When he was alive, he’d led armies in suits of armor that cost more than this house, possibly more than the whole street. He’d returned to palatial dwellings, servants, the finest of food. And gold, so much that he’d become careless with it, and had to be chastised by his father, because too much liberality could be viewed as a sign of weakness.

He didn’t miss the money—most of the time—or the trappings and finery. He didn’t mind living in poverty, in mended clothes and patched shoes, in a city where ostentatious wealth was the only birthright anyone cared about. He didn’t even mind the contemptuous glances—

All right, that was a lie. They burned almost as hot as the sun, but he could deal with them. He couldn’t deal with this. Watching his daughter die, eaten alive by the curse that had already stolen his life, his wife, everything he cared about. And was now determined to deprive him of the last thing of value he had left.

It wouldn’t succeed.

Not this time.

“I can’t kill it,” he told Horatiu. “It’s part of her now. But I can trap it, imprison it, wall it away. This mage said he’s done it before, but it takes a fantastic amount of power, more than he possesses or I can afford—”

“Then this is over.”

“Like hell it’s over!” Mircea rounded on the old man. “He doesn’t have the power now, but I’m going to get it for him. And when I do, the vampire part of Dorina will never be a problem again.”

“The vampire part.” Horatiu’s rheumy eyes met his, and there was fire in them. “D’ye hear yourself? Has this latest charlatan rattled your brain, or did the sun cook it?”

“Have a care—”

“I am! I do! And the sense that has somehow left you.” The old man gripped his arms, and Mircea allowed it, despite the pain. Because Horatiu looked pained, too. And worried, more than Mircea thought he’d ever seen before. “She’s your daughter—all of her—aye, the vampire part, too. How d’ye think we found you tonight? Do ye think a human could have tracked you in time, through the maze of streets around here?”

“She is human.” Mircea pulled away, furious that Horatiu couldn’t understand. “She has abilities, yes, because of the disease, just as I do. But it’s killing her—”

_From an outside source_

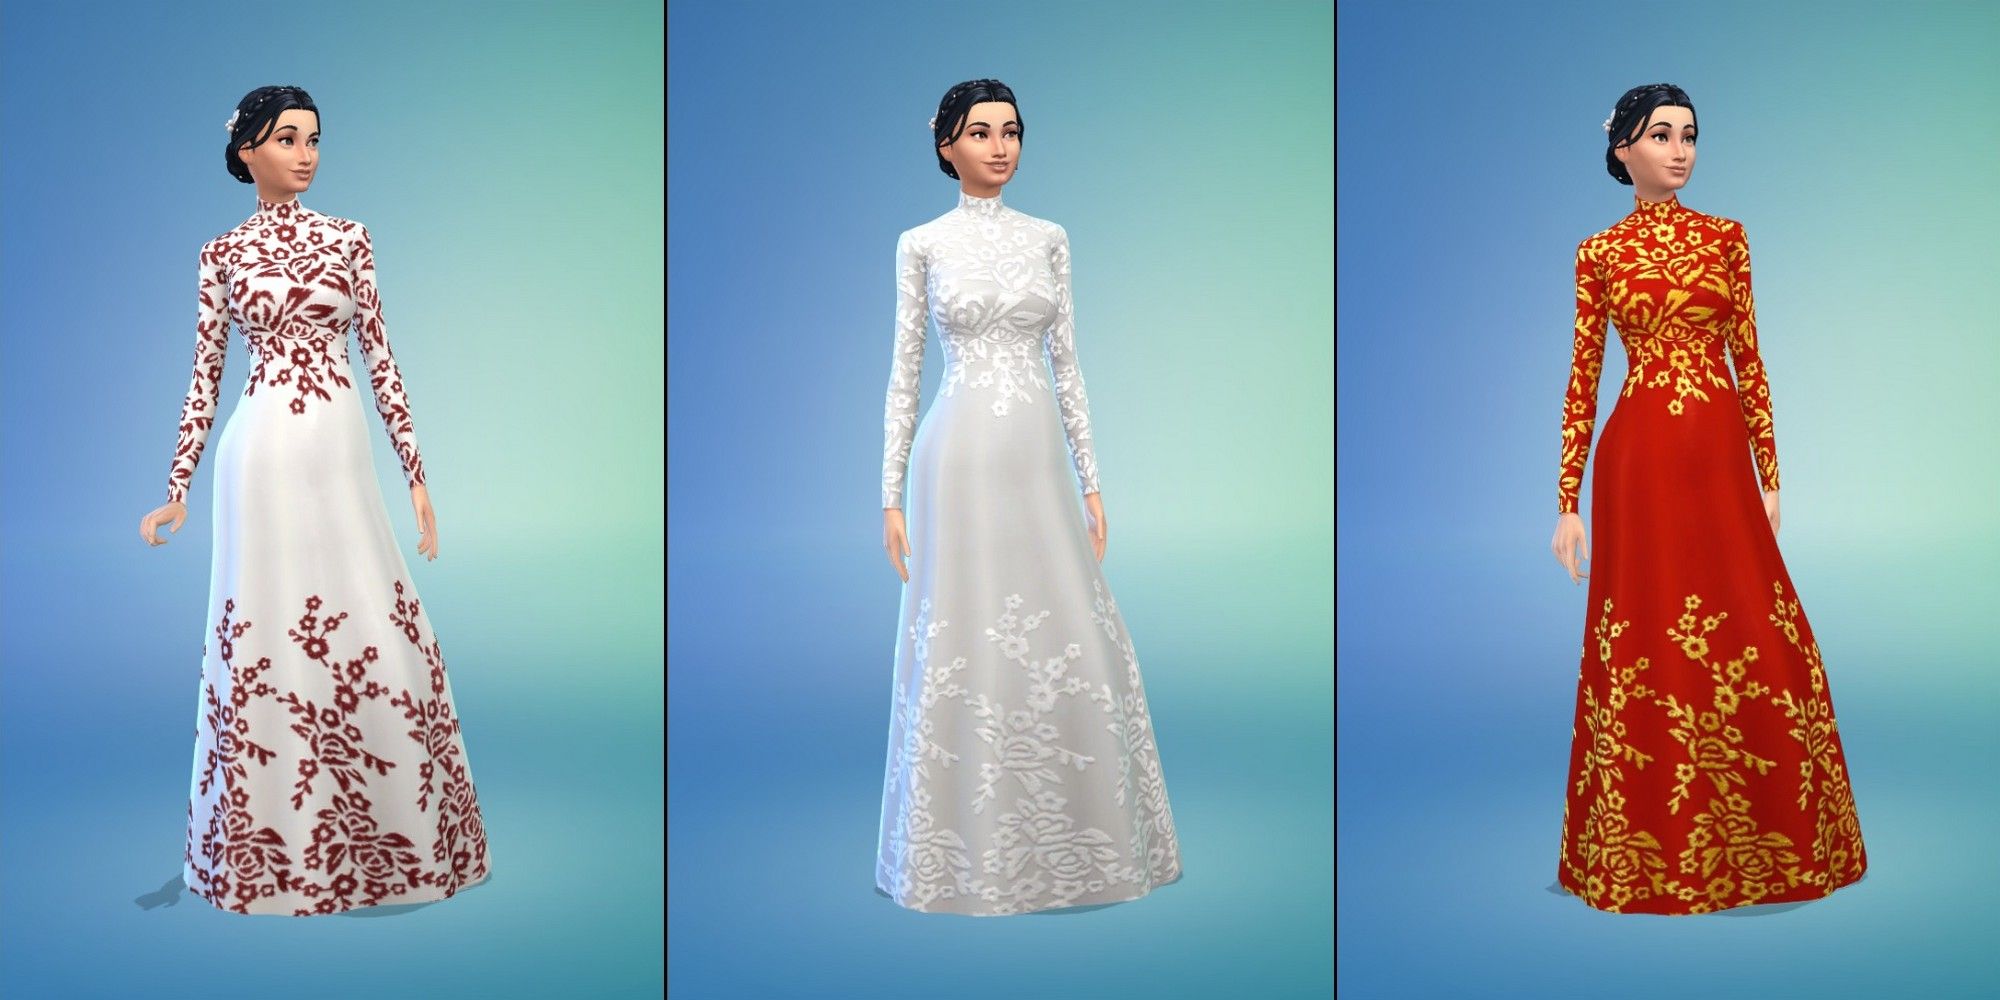 Sims 4 Wedding Dress Floral Lace High Neck

“And this mage won’t? Men like him prey on the desperate, telling ye what ye want to hear, to gain what they want in return. He’s fed you a story!”

“He’s also the first decent chance we’ve had! The first to hold out any real hope—”

“Aye, that’s how they get you. They’re purveyors of hope, of dreams—and nothing else!”

“And how would you know?”

“How would you? Because he told you?”

“No. Because she did.” Mircea looked up, in the direction of the room where his daughter slept. “Dorina followed me tonight, to the praetor’s. Not in body,” he added, because Horatiu was looking alarmed. “Mentally. You were right about her gifts.”

“Mentally?” The old man’s eyes narrowed. “What does that mean?”

“I’m not sure. But she was there. And when I asked her how she managed it, how she could do anything after what she went through last night, do you know what she said?”

“I’m going to find out,” Horatiu muttered, also looking at the ceiling.

This time, it was Mircea who took him by the arms. “She said, ‘It’s only bad when we’re both awake at the same time.’ She knows, Horatiu. She knows there’s two of her, a light and a dark. The girl she should have been, and the monster I made of her.

“A monster I’m going to shut away—forever.”